I watched Fireproof and I again saw the kind of love I saw at my cousin's wedding. A pure and holy and absolutely beautiful love. It's the kind of love I want. I have been in so many bad, ungodly relationships and I'm so tired of it. I am SO tired of just being some sexual object to guys, even if I'm not doing anything. I just want someone I can worship and live for the Lord with. Someone I can be myself with and know that, the person I marry is going to be there with me through EVERYTHING both good and bad and that they will promote my spiritual growth.
The Lord has really been working in my life since my cousin's wedding. So much so that I hardly recognize myself! What happened to the girl who just wanted to be free and independent a year ago? Now, all I want to do is live for the Lord and serve him and tell other's about him and hopefully get married some day and have a little boy of my own. Then again, I've always wanted that, more so at times. It's so hard to be patient for the Lord to show me HIS will when I want so many things to happen.
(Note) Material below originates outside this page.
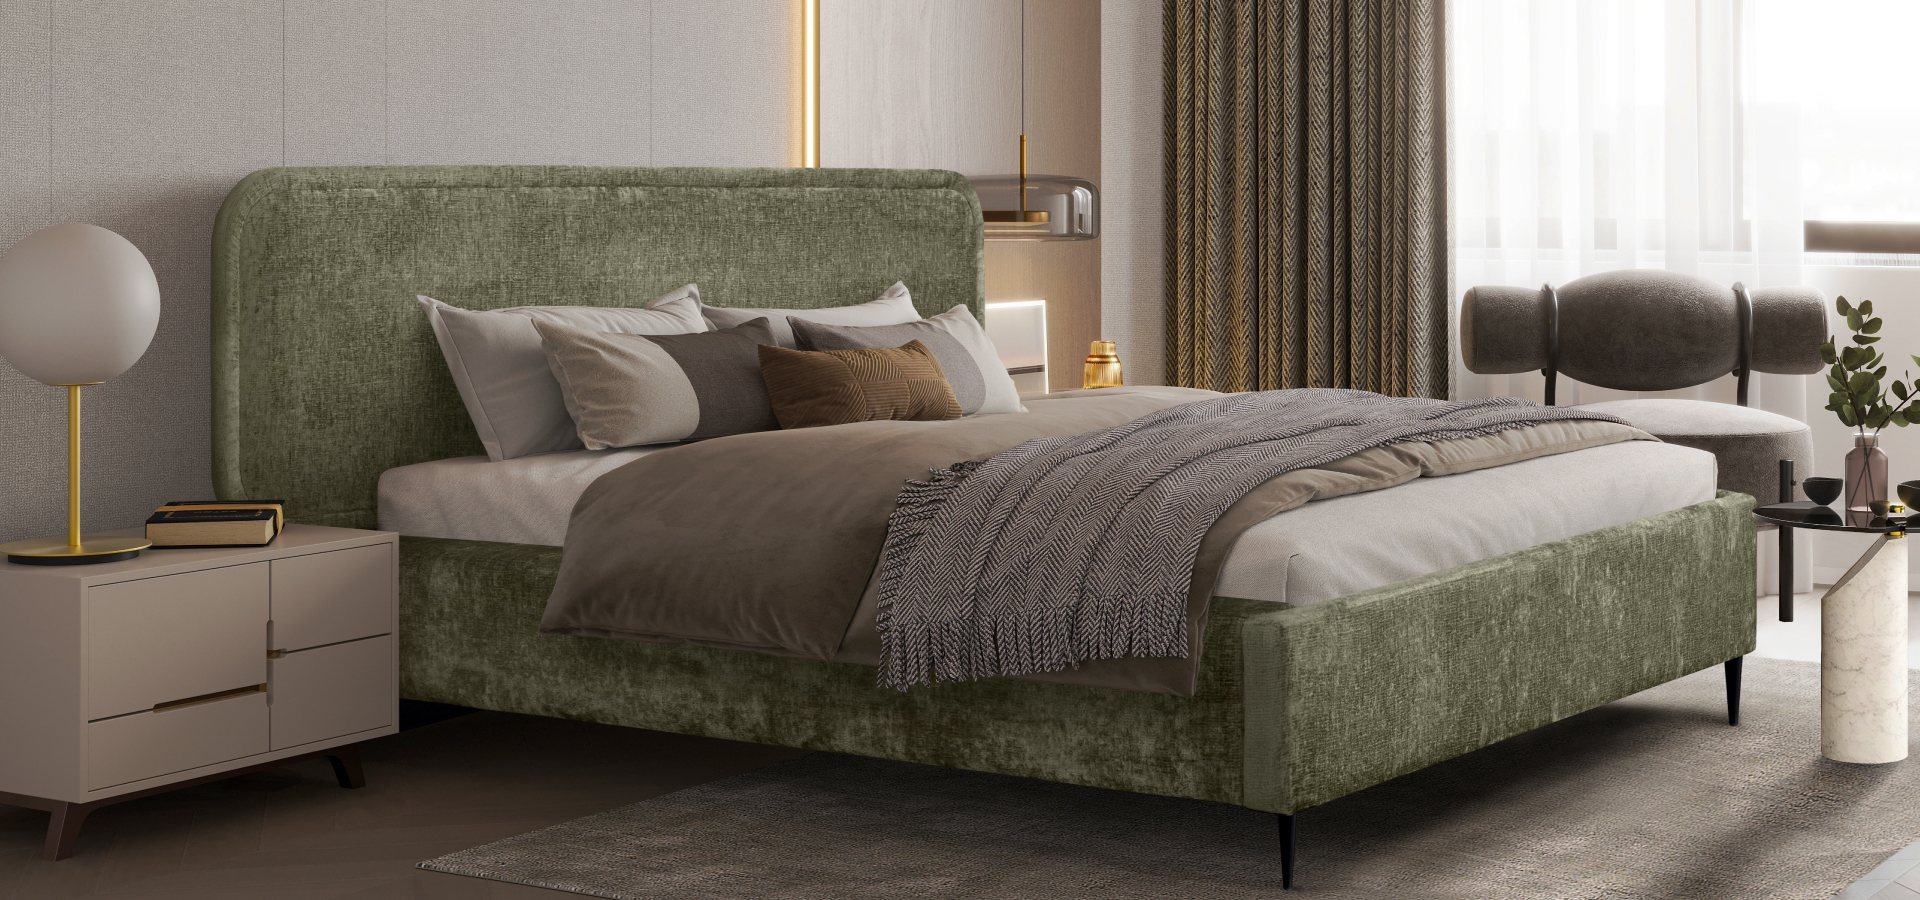 Zielone łóżko z tapicerowanej tkaniny, z beżową i jasną pościelą, w tle szafka nocna z lampką oraz zasłona w kolorze złoto-brązowym.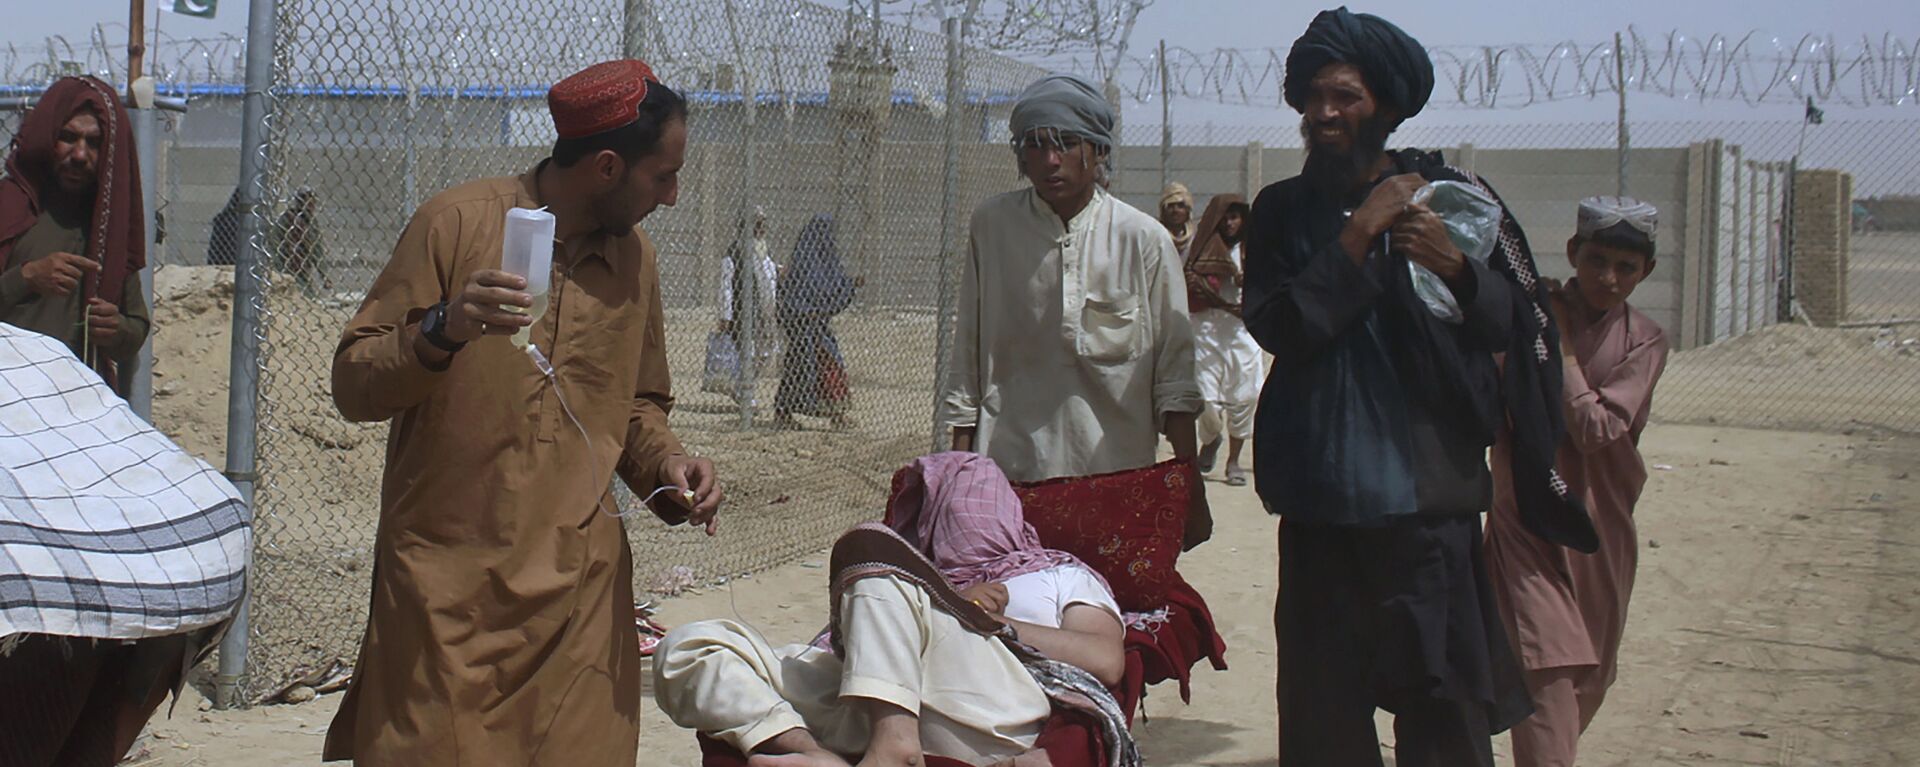 Afganskie bejensi vyezjayut v Pakistan cherez pogranichniy perexod v Chamane - Sputnik O‘zbekiston, 1920, 26.08.2021

I have grown spiritually so much in the past month that it surprises me. I am learning to submit, to be bold for the Lord, to be patient(even though it's harder than rocks XD), and to put my full trust in God.
And yea, I still have my depressing moments because I am human, but I know the Lord is and ALWAYS will be THERE for ME and so I know I will be ok, as long as I trust him and follow and live FOR HIM. There is no greater feeling in this WHOLE world than when I sit down and write a prayer in my prayer journal and just spend time with Him for I know He's always there for me. It makes me cry because who am I? I am a lowly sinner who doesn't deserve His forgiveness let alone His THOUGHTS. And yet, he is continually thinking and loving me. For He is my Rock and my Fortress. He is my Strength and my Comforter, my Father and my God. Blessed be the NAME of the Lord! Hallelujah!